I’d grudgingly answered the call and met the stuck-up but desperate advocate Samantha Campbell, Hugh’s defence counsel. I was her last throw. My first sight of Hugh in his prison grey erased every image I had of my handsome rival. It expunged all my hatred too. Hugh had been a rear gunner in a Lancaster. The death rate was atrocious. So was the wound rate and the wound type. Like many airmen fighting beneath canopies of Perspex, when the plane caught fire he’d been horribly burnt. As the plastic had melted, so had his face.

Four weeks hadn’t been long enough for Sam and me to find out the truth. Hugh died an innocent man, and I had gone after the real killers and the policemen who’d conspired with them. Including the senior officer we were about to interview: former Chief Superintendent George Muncie.

Duncan and I marched along the corridor behind the new deputy governor himself. We were in step, a guard of honour.

‘Brodie, you get me into some helluva situations, so you do.’

‘Keeps life interesting, Duncan.’

‘How do you think he’ll react?’

‘Depends if word has reached him about the events of the last couple of days.’

‘With any luck we banged up all his contacts before they knew what was happening: his pal Gus Fulton and his old bodyguard from Turnbull Street.’

We’d stopped outside a metal door. The Deputy Governor nodded to the guard and he began opening it.

‘We’ll soon find out. After you, Inspector.’

‘Ah think it’s your privilege,
Colonel
.’

It was a small room, not like the huge airless vault in which I used to meet Hugh. That chamber was for all visitor contact and there was a wire mesh running across the room separating prisoners from visitors.

This room was just as airless but about twelve feet square. There was a metal table screwed to the floor and two chairs facing each other across the table. A guard stood in one corner, his eyes on the prisoner sitting at the table. For an instant I thought they’d brought the wrong man. George Muncie had been big-bellied and florid, with red hair and a temper to match. This man’s hair was white and his skin matched the colour and texture of the grey walls. But there was no gut. The shoulders and chest were heavy with muscle. I was glad of the short chain linking the metal cuffs round each wrist.

Then the stranger looked up and the loose wet lips and the big hooked nose were unmistakeable. Though now the nose had a scar and a new kink, like a careless boxer’s. The eyes were still heavy-lashed but were now veined and bulging.

‘Hello, George. It’s been a while.’

He squinted at me like a malevolent bear woken too early from its hibernation. No recognition.

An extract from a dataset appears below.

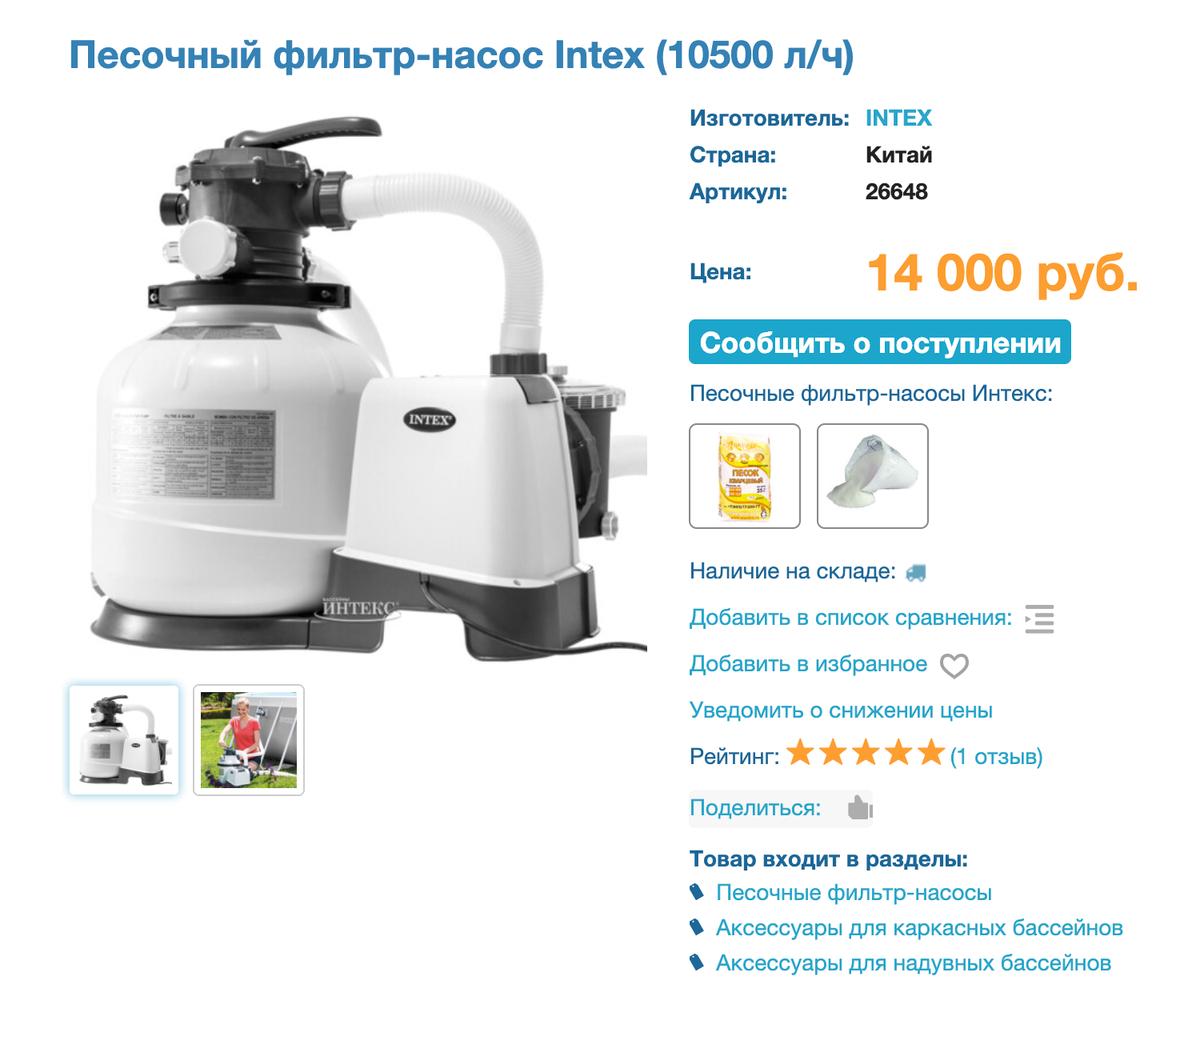 Песочные фильтр-насосы можно приобрести на сайтах, где продают бассейны. Фирма Intex предлагает фильтры от 14 000<span class=ruble>Р</span>. Источник: Intex

‘Whit’s the army doin’ here? Am Ah being ca’d up?’

‘Called to account, certainly.’

‘Ah don’t know you. Who ur you?’

‘Maybe you remember my colleague here?’ I stood to one side to let him see Inspector Duncan Todd. Duncan stared at him and waited.

‘Wait a minute, wait a wee minute. You’re Todd, are ye no’? Sergeant Todd.’

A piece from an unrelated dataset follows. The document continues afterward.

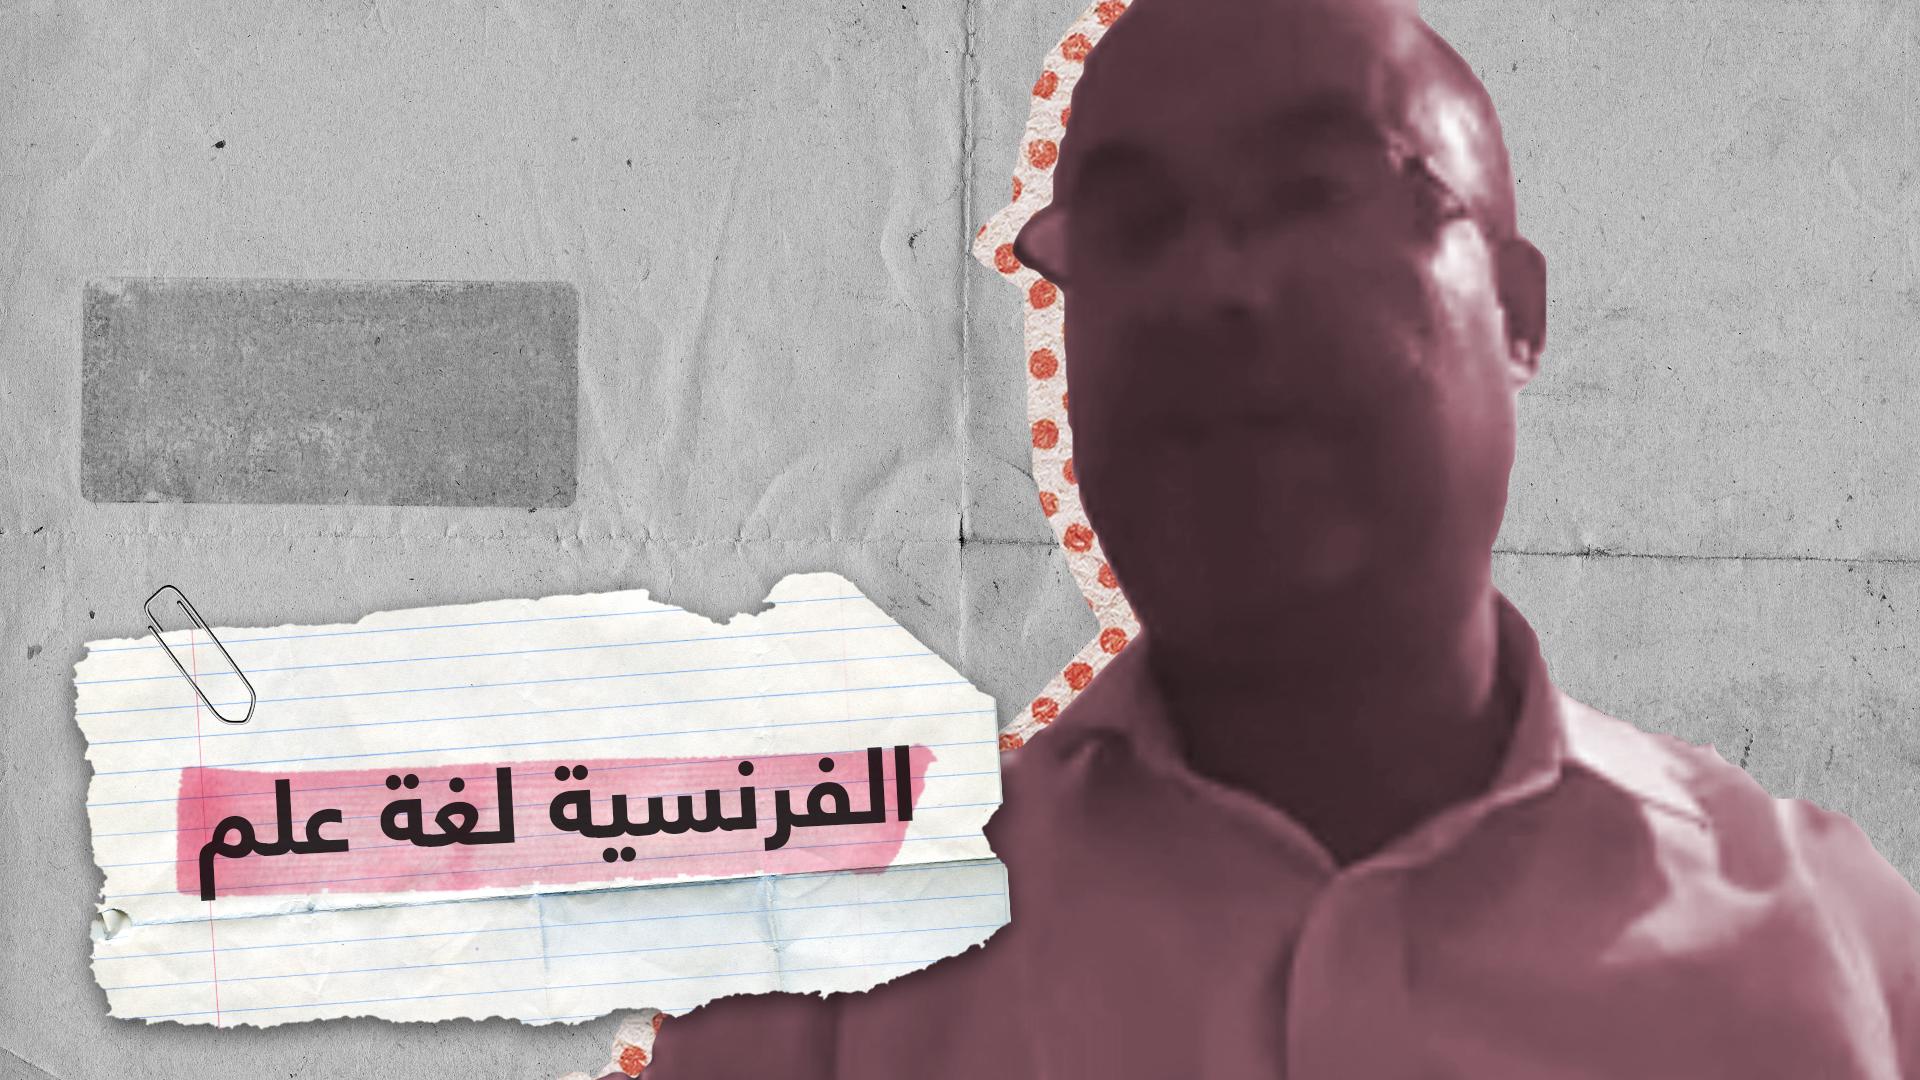 كاتب صحفي جزائري: الفرنسية لغة علم ومن يقولون عكس ذلك

‘Detective Inspector Duncan Todd. Hello, George. You’ve lost some weight.’

He stared at us both before finding a reply. ‘Prison porridge. Prison gym.’ He flexed his shoulders to show the effects.
Look at me. I can take this shit. Nae bother
.

Duncan replied, ‘Ah’ll remember that, next time I need to lose a few pounds. Talking of remembering, do ye no’ remember this man?’

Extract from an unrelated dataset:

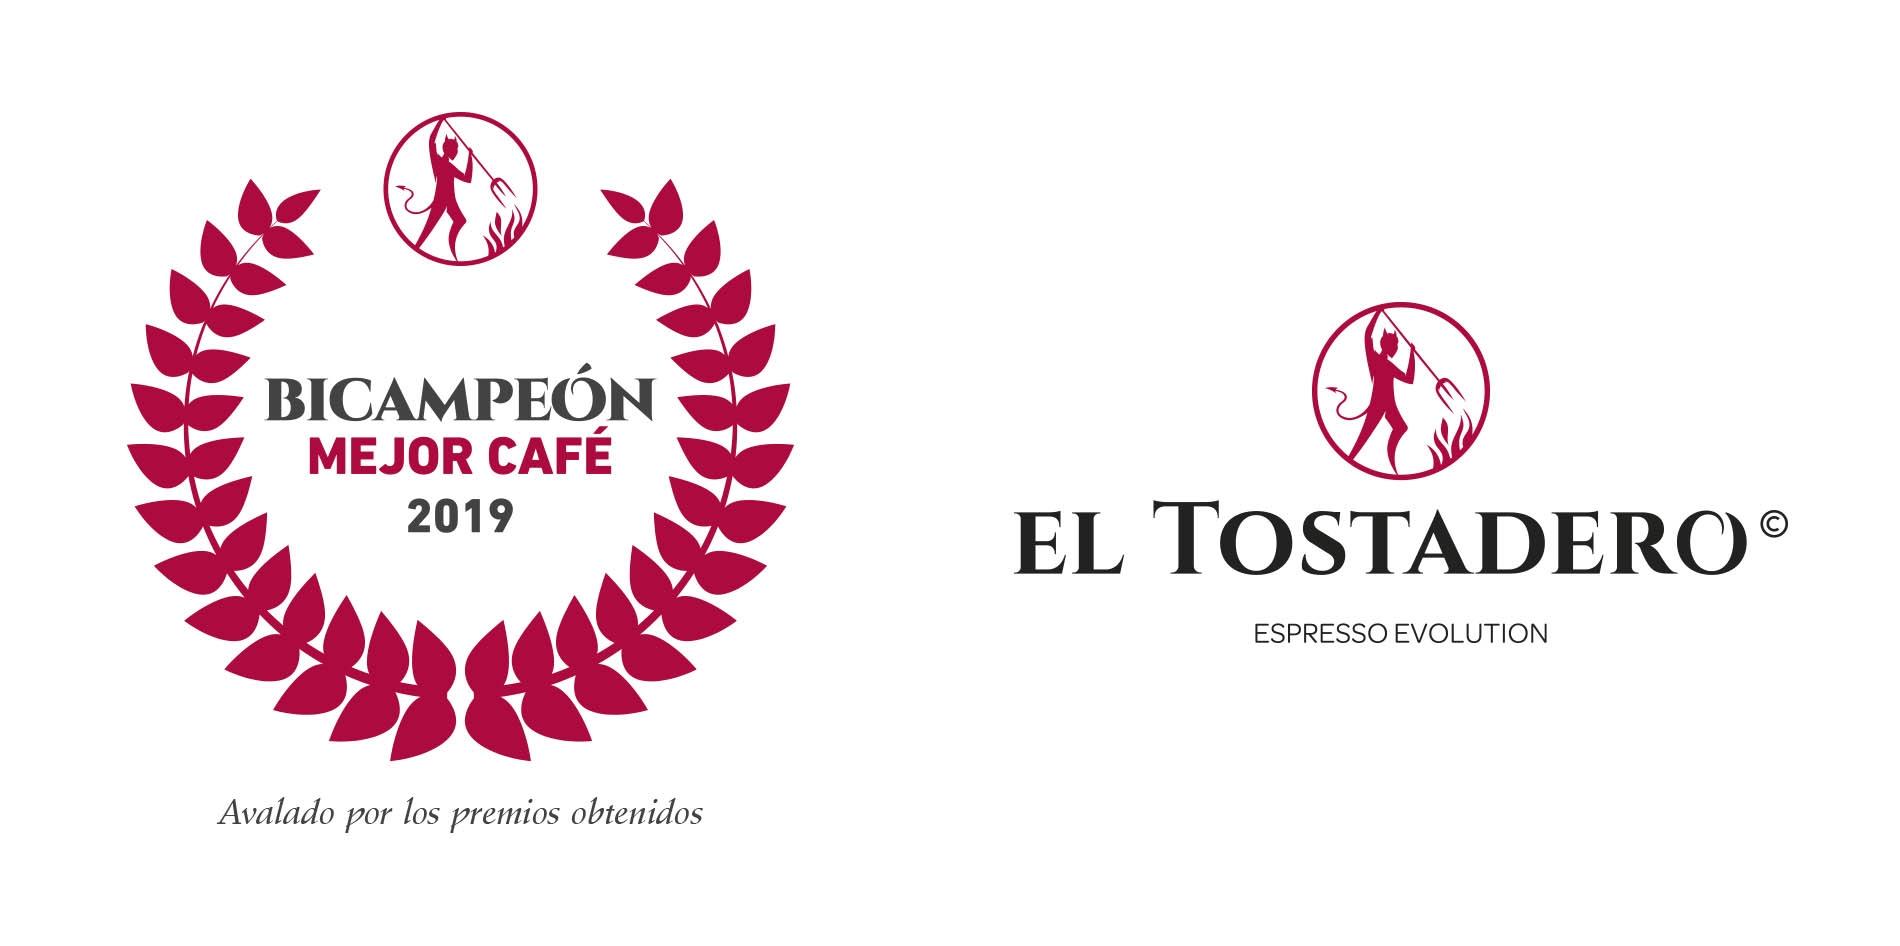 Bicampeón Mejor Café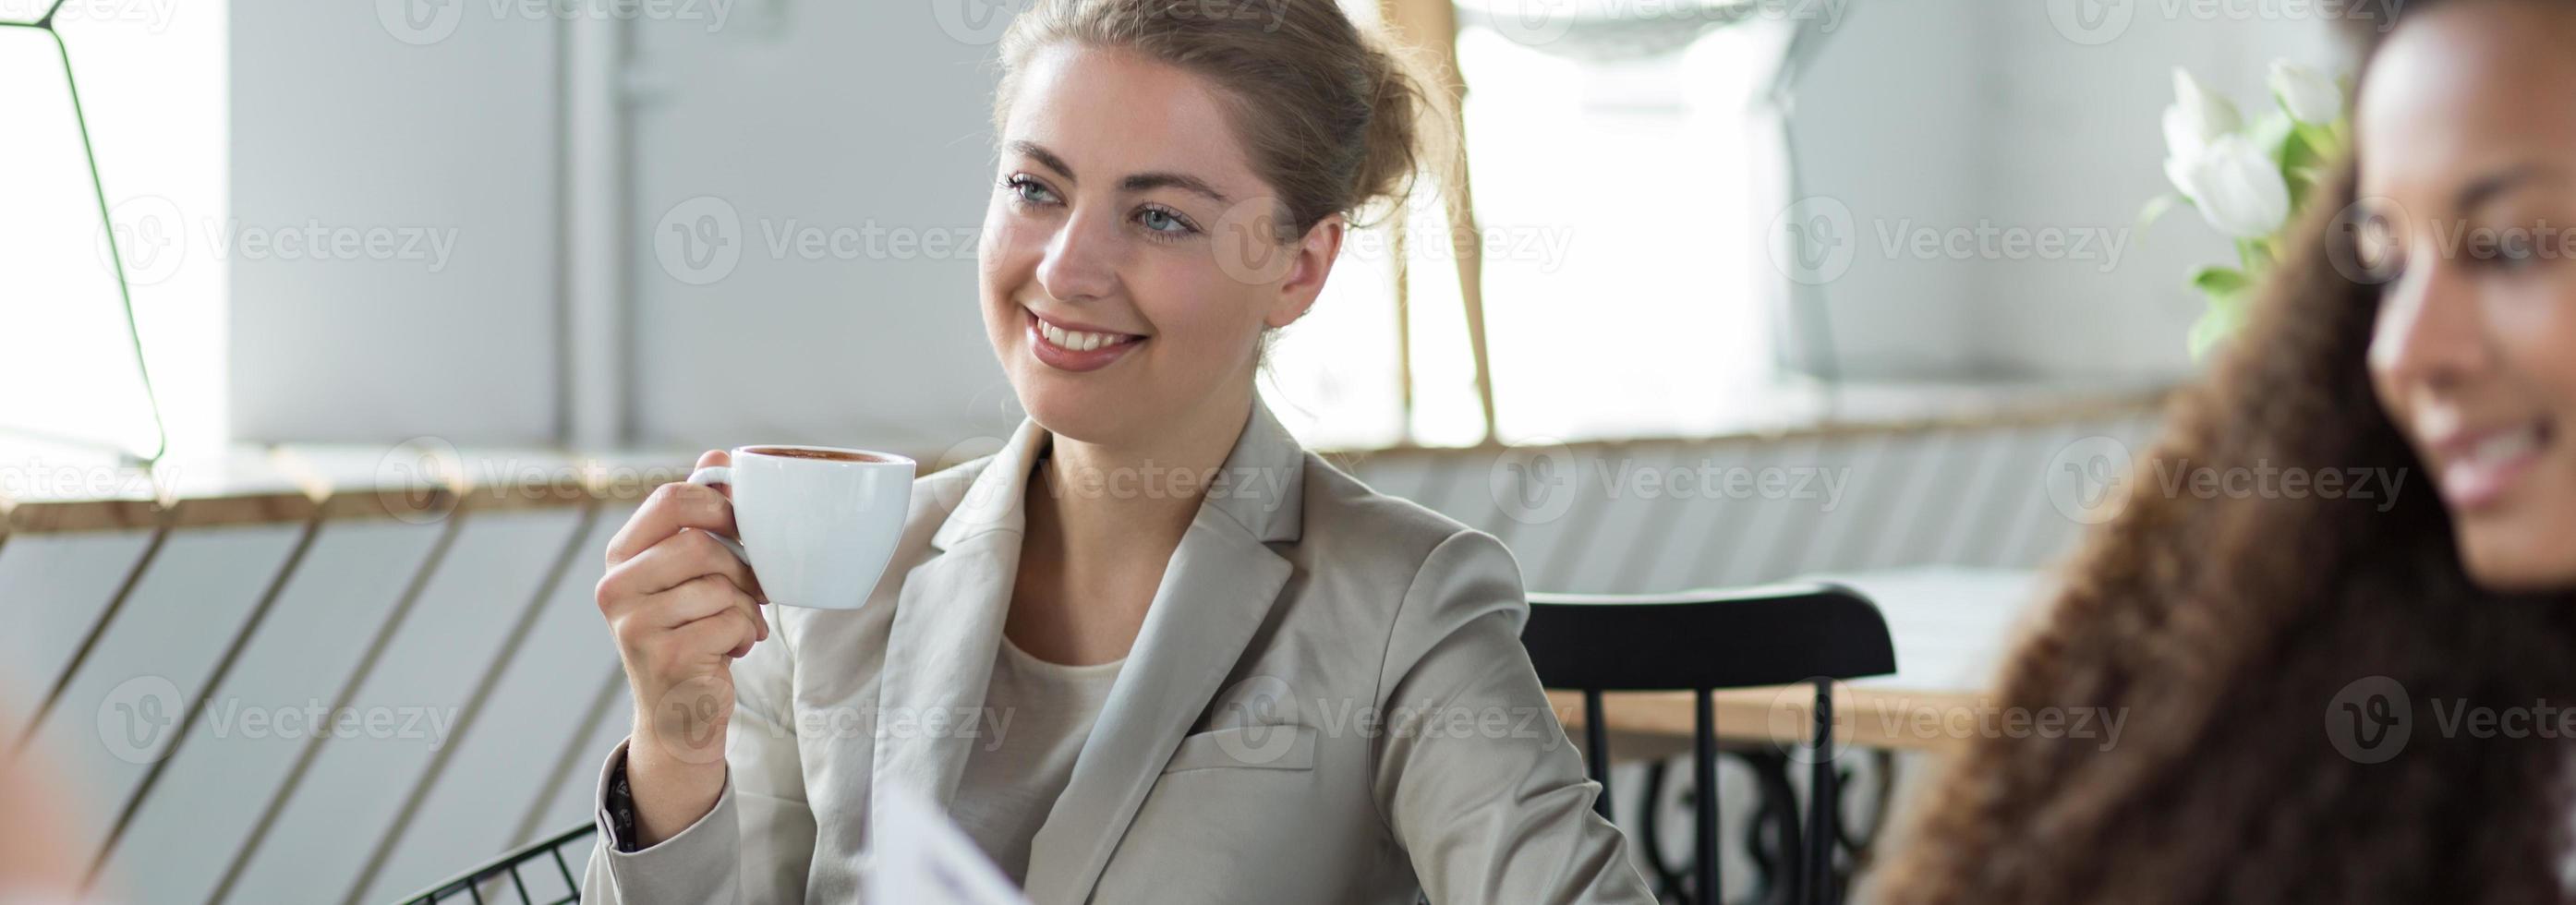 Kaffee trinken während des Treffens foto

Muncie shook his head, and the anger surged in me. After what he’d done to me, he didn’t even know me. Maybe he couldn’t see past the uniform. I sat down at the table and looked at him. I saw light beginning to dawn in his bloodshot eyes.

‘That’s right, George. Douglas Brodie. The man who put you in here. The man you arranged to frame for the murder of Sir Fraser Gibson.’

Muncie rose out of his seat. A rumbling volcano. Was he planning to jump over the table at me? The prison guard called out sharply.

‘Sit doon, Muncie!’

He subsided. ‘But you’re…’

‘Dead? Everybody says that. Not yet, George. And I’m here with Detective Inspector Todd to tell you that you will soon be back in court charged with conspiracy to murder.’

His lined cheeks flushed. Some of the old choler gave it life.

‘You cunt.’

‘I see you’ve expanded your vocabulary in here, as well as your jacket size. Have you anything more witty to say before Inspector Todd reads you your rights?’

A sneer curled his wet lips. ‘Ye cannae prove a thing. How am Ah supposed to have tried to frame you when Ah’m banged up here? Eh?’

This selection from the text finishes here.